GIVEN INFORMATION
====================
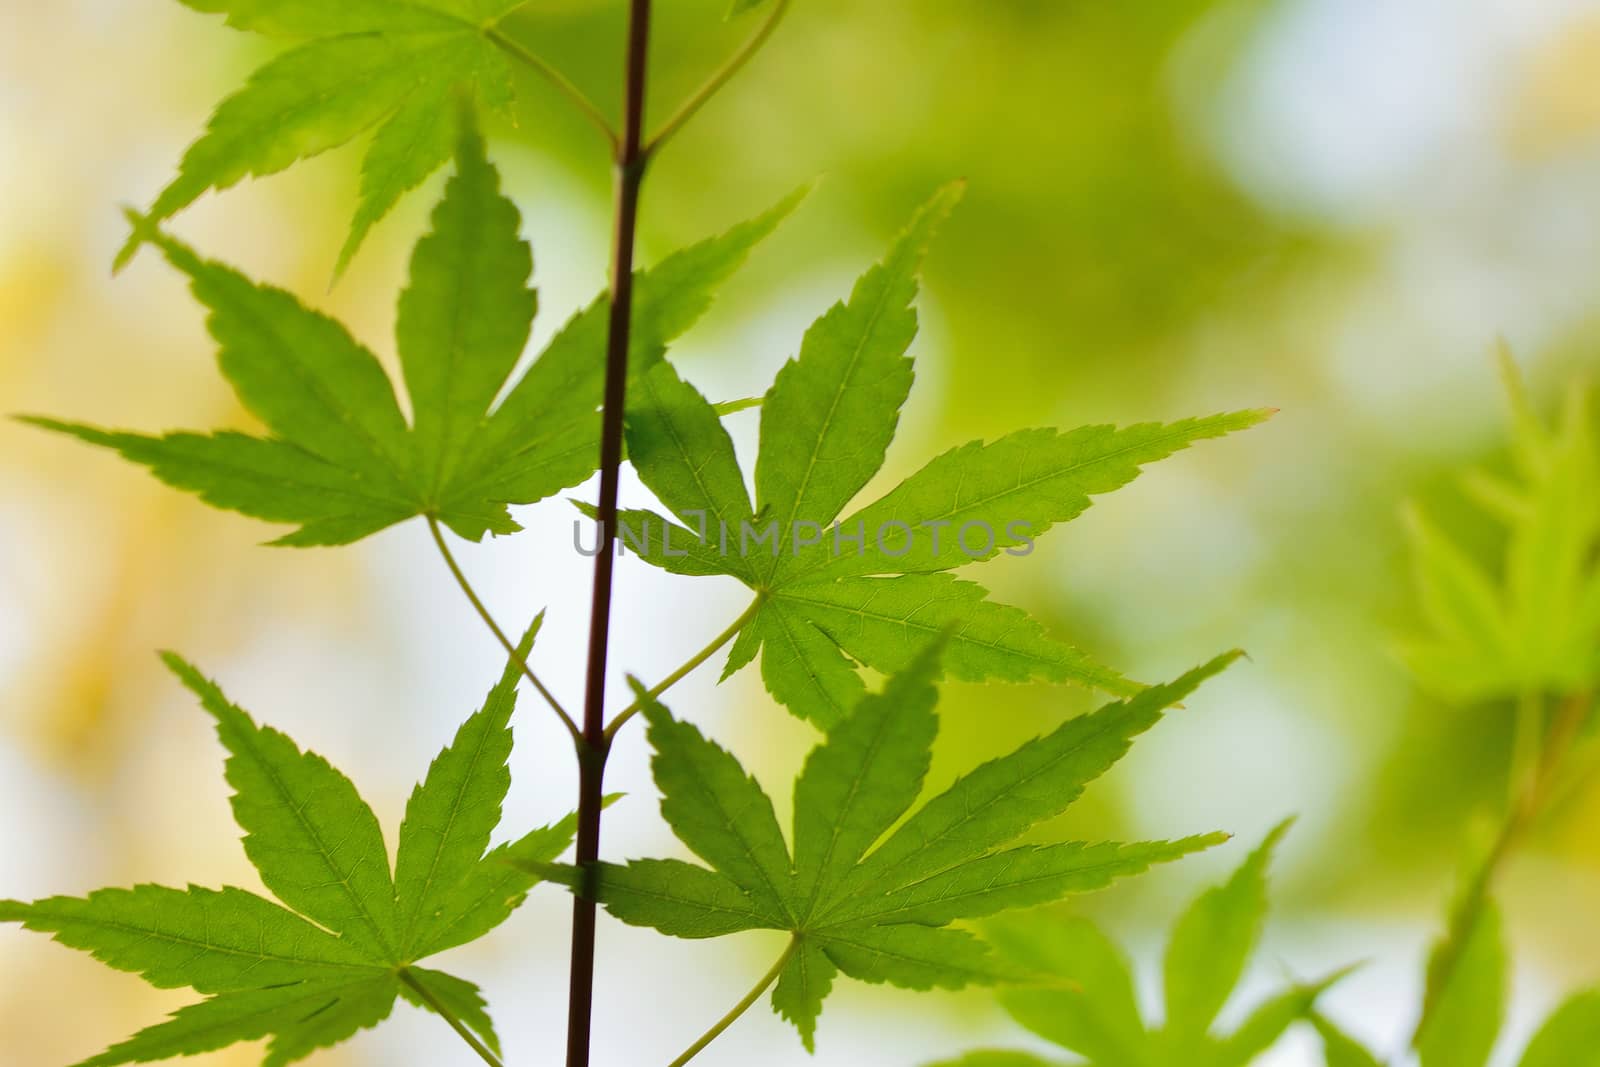 Macro details of fresh green Japanese Maple leaves in horizontal frame
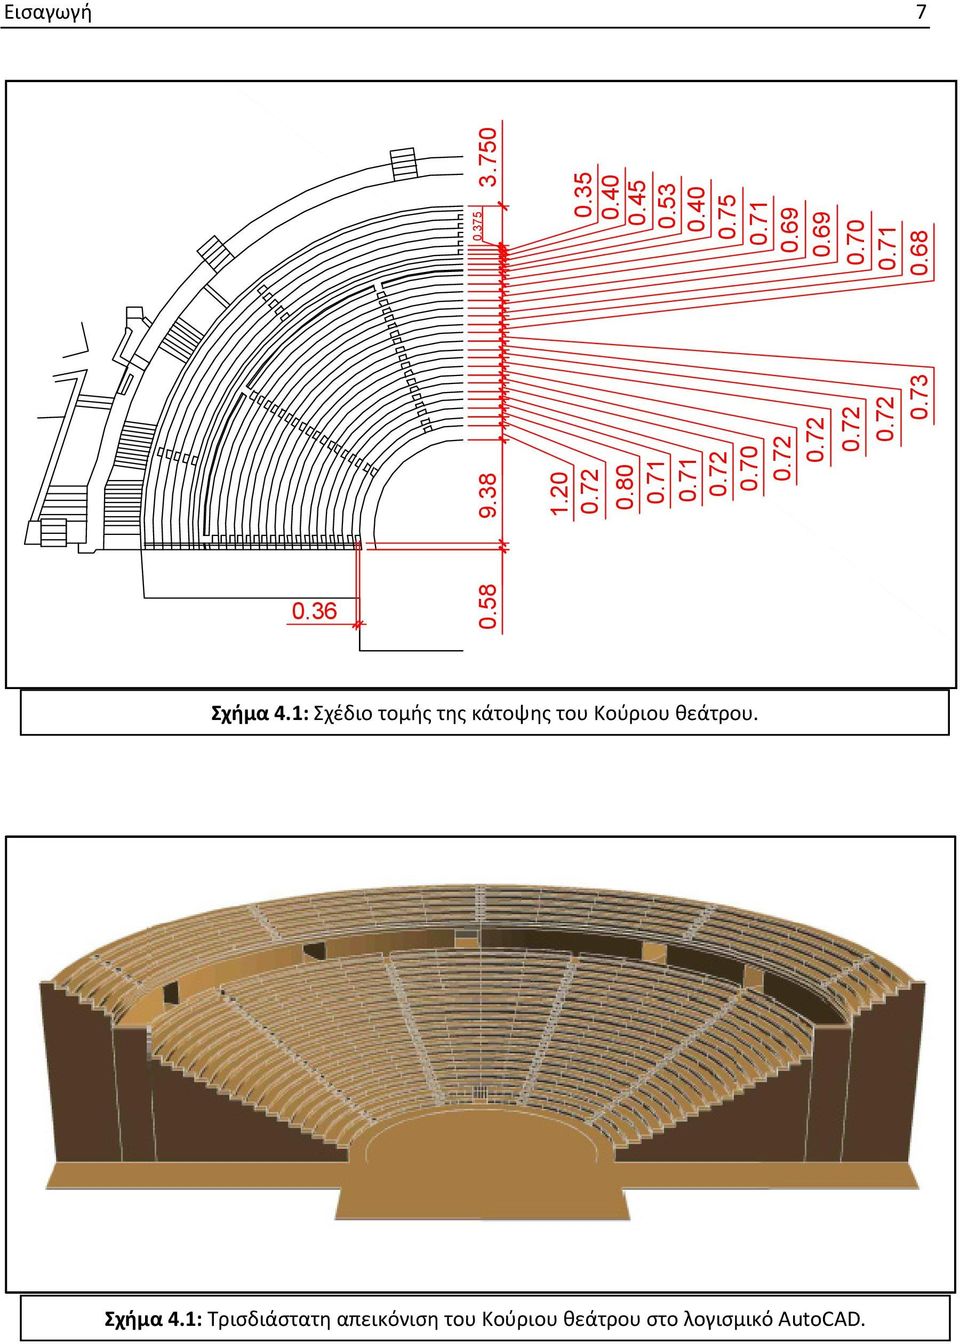 1: Σχέδιο τομής της κάτοψης του Κούριου θεάτρου. Σχήμα 4.
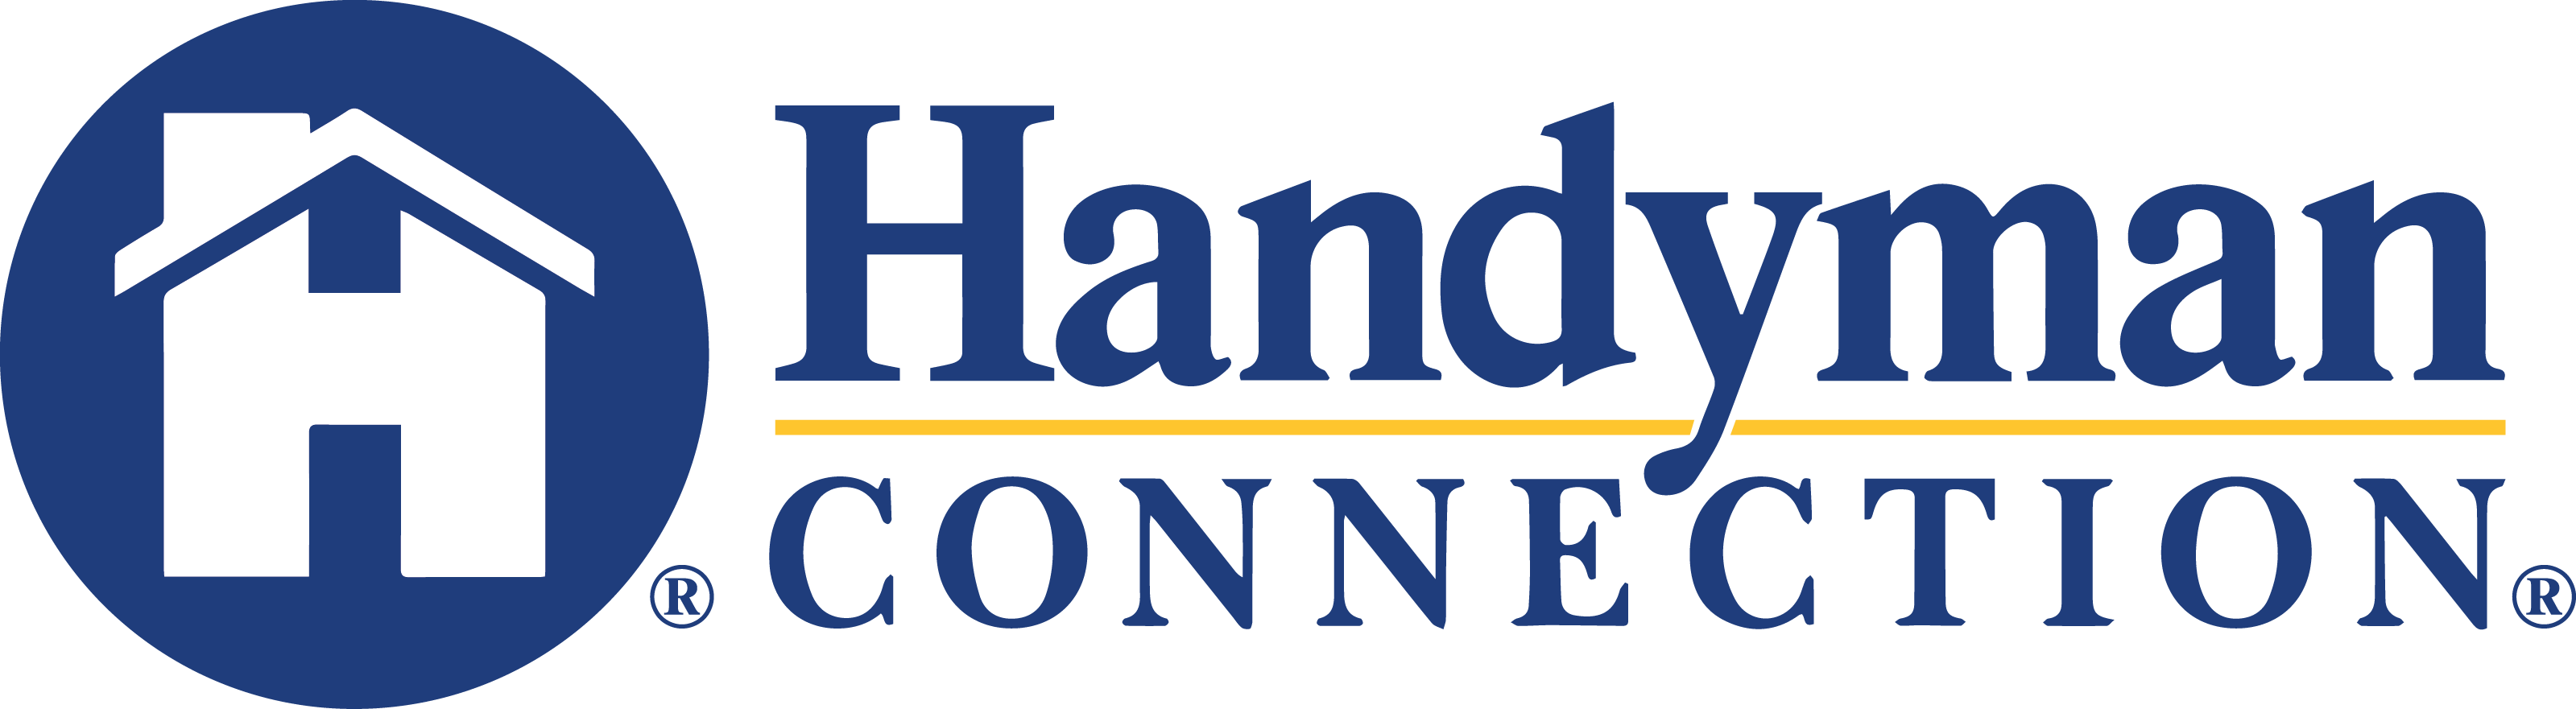 https://handymanconnection.com/alpharetta/wp-content/uploads/sites/7/2021/05/HandymanConnection-logo-2-1.png
====================
Write out again every line above exactly as given; the pictures do not belong in the copy.

EXPECTED OUTPUT
 Macro details of fresh green Japanese Maple leaves in horizontal frame
 1: Σχέδιο τομής της κάτοψης του Κούριου θεάτρου. Σχήμα 4.
 https://handymanconnection.com/alpharetta/wp-content/uploads/sites/7/2021/05/HandymanConnection-logo-2-1.png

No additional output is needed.